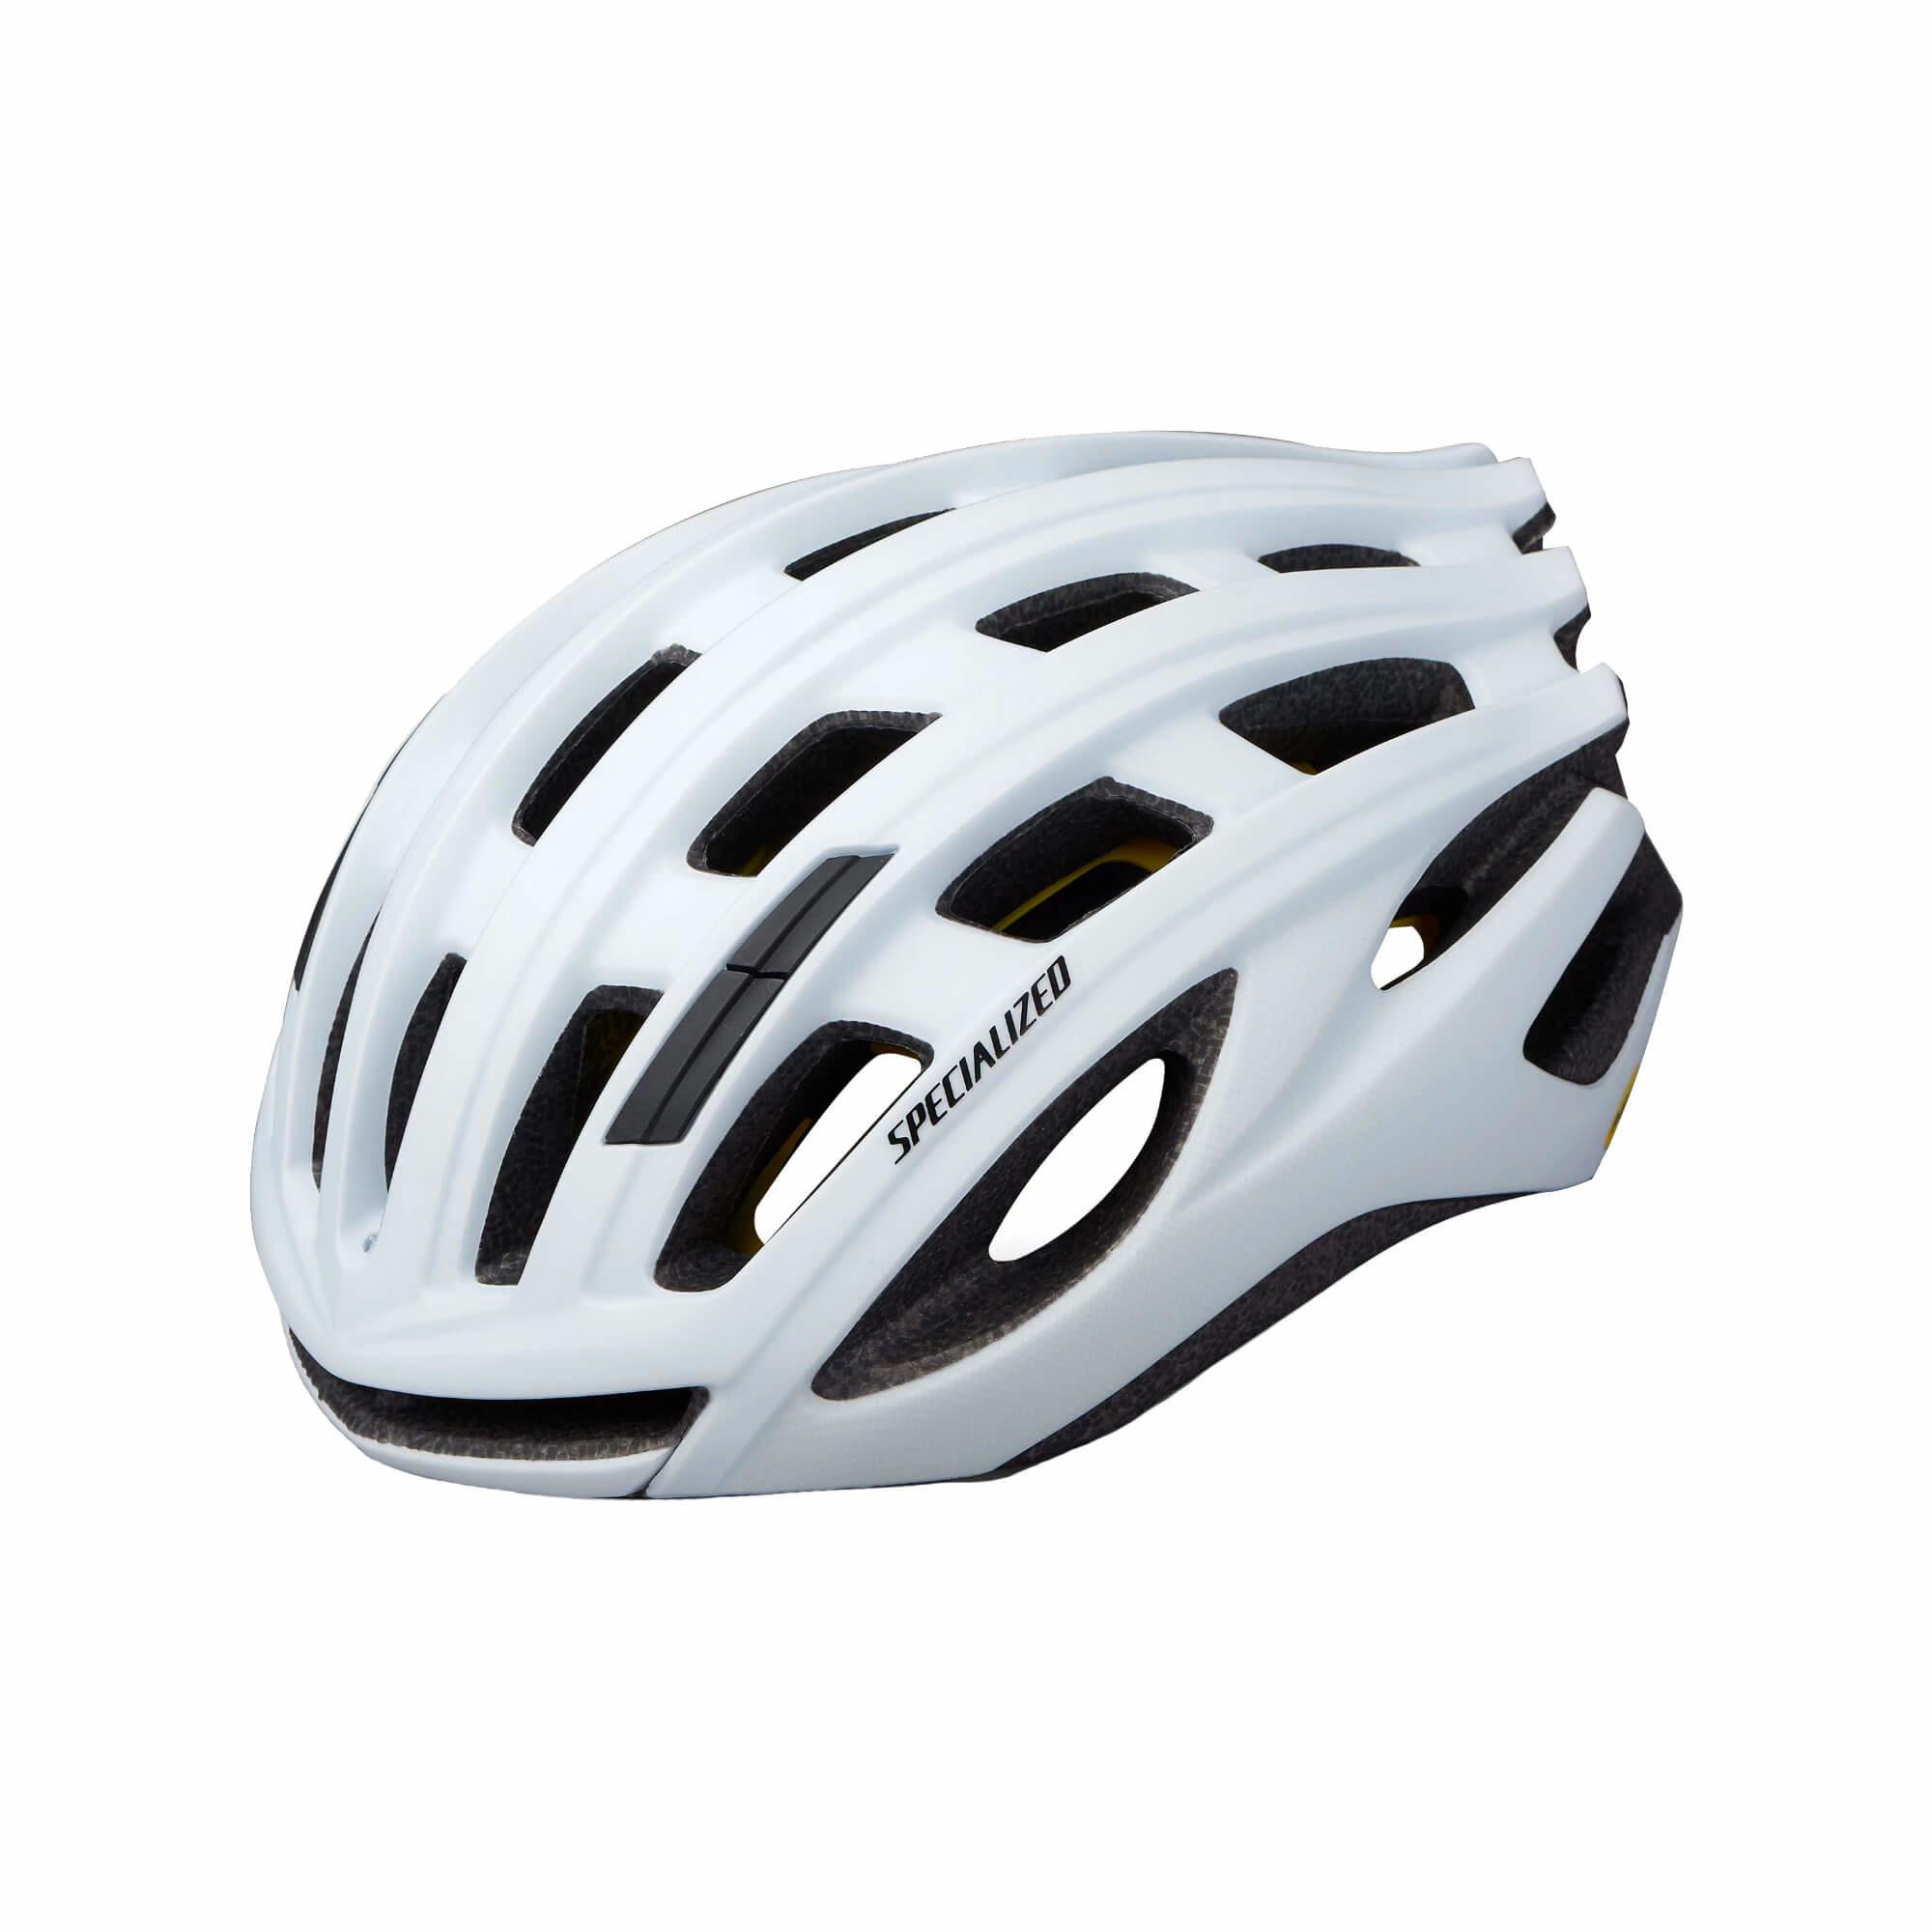 Propero 3 Helmet Angi Mips-2
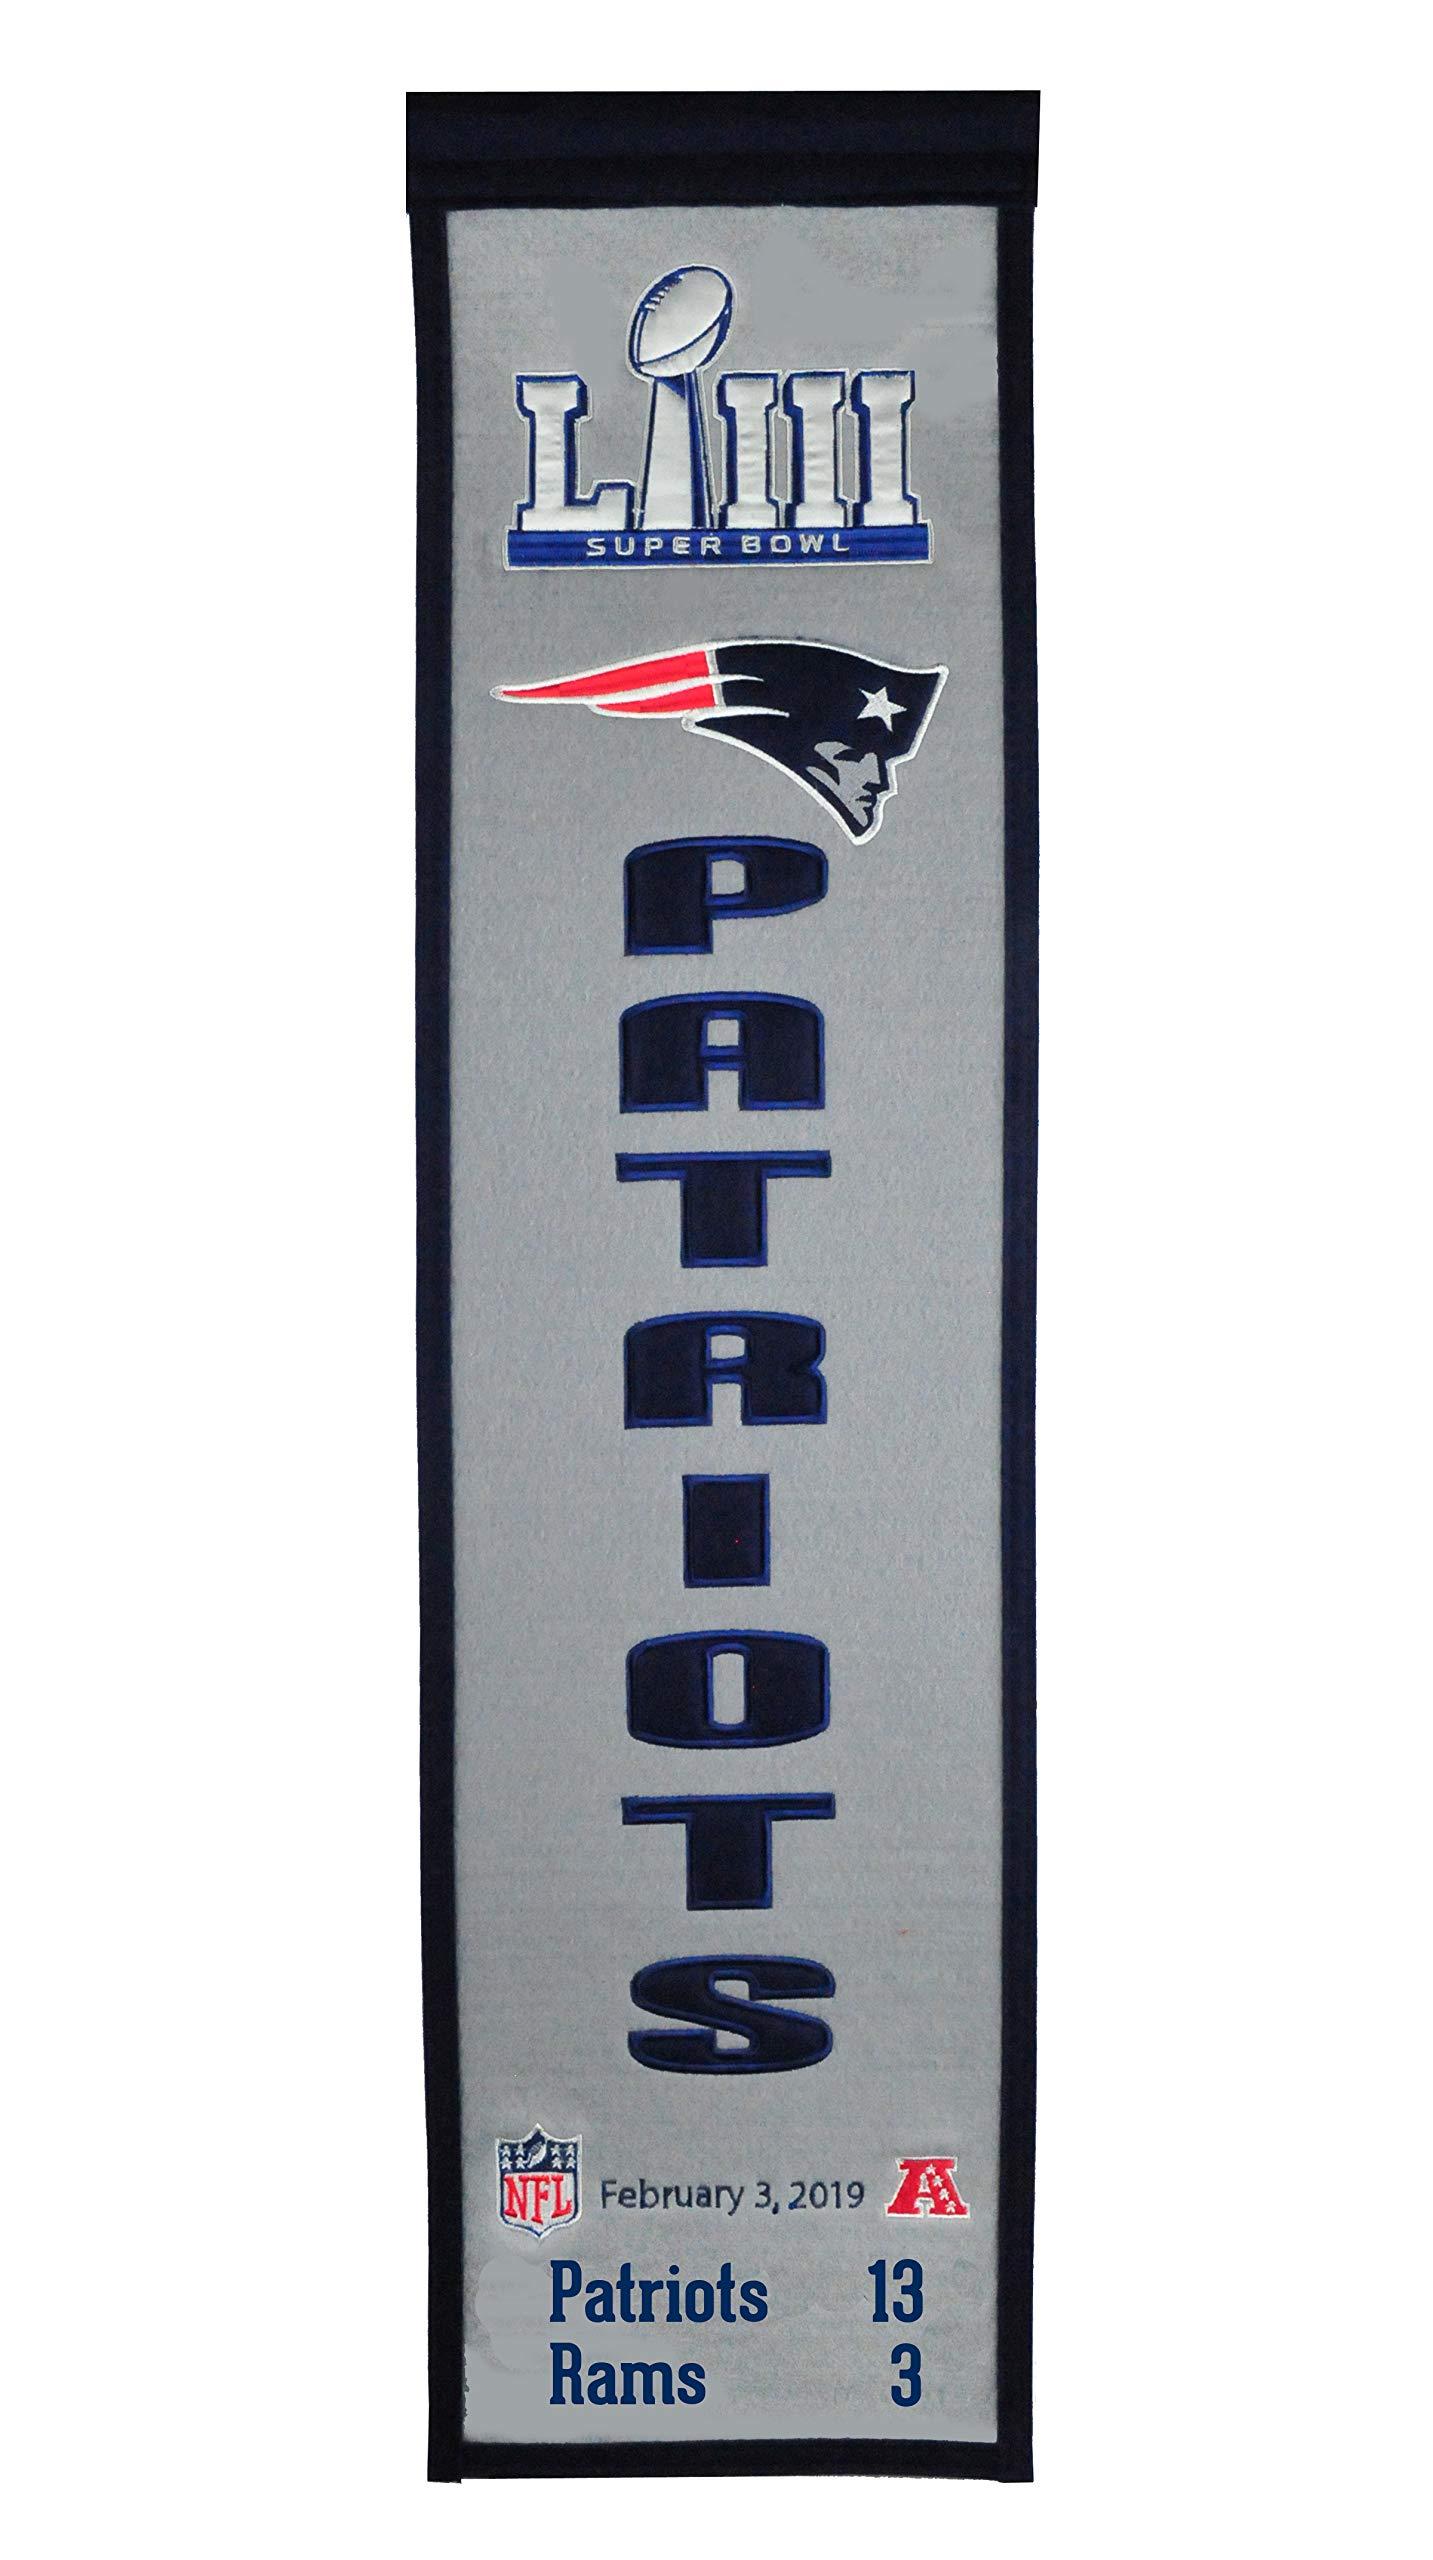 Winning Streak NFL New England Patriots Unisex Super Bowl 53 New England Patriots Heritage BannerSuper Bowl 53 New England Patriots Heritage Banner, Navy, Banner by Winning Streak
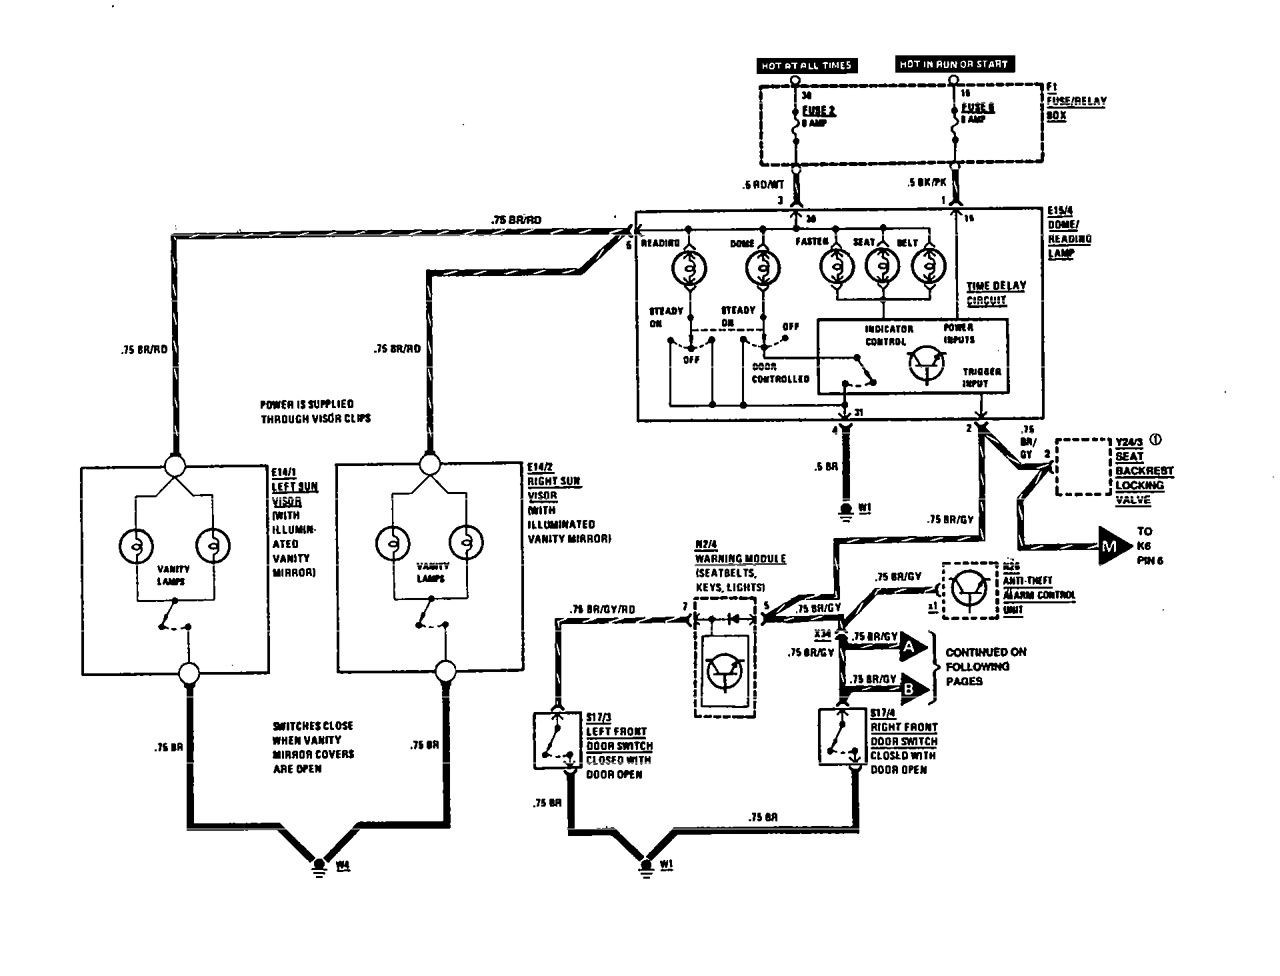 Mercedes Benz 560sel 1991 Wiring Diagrams Courtesy Lamps Fuse Box Diagram 300se Part 1

+--

» Task description:
Repeat each line of the material exactly, please, and skip every picture.

» Exercise result:
 Propero 3 Helmet Angi Mips-2
 Winning Streak NFL New England Patriots Unisex Super Bowl 53 New England Patriots Heritage BannerSuper Bowl 53 New England Patriots Heritage Banner, Navy, Banner by Winning Streak
 Mercedes Benz 560sel 1991 Wiring Diagrams Courtesy Lamps Fuse Box Diagram 300se Part 1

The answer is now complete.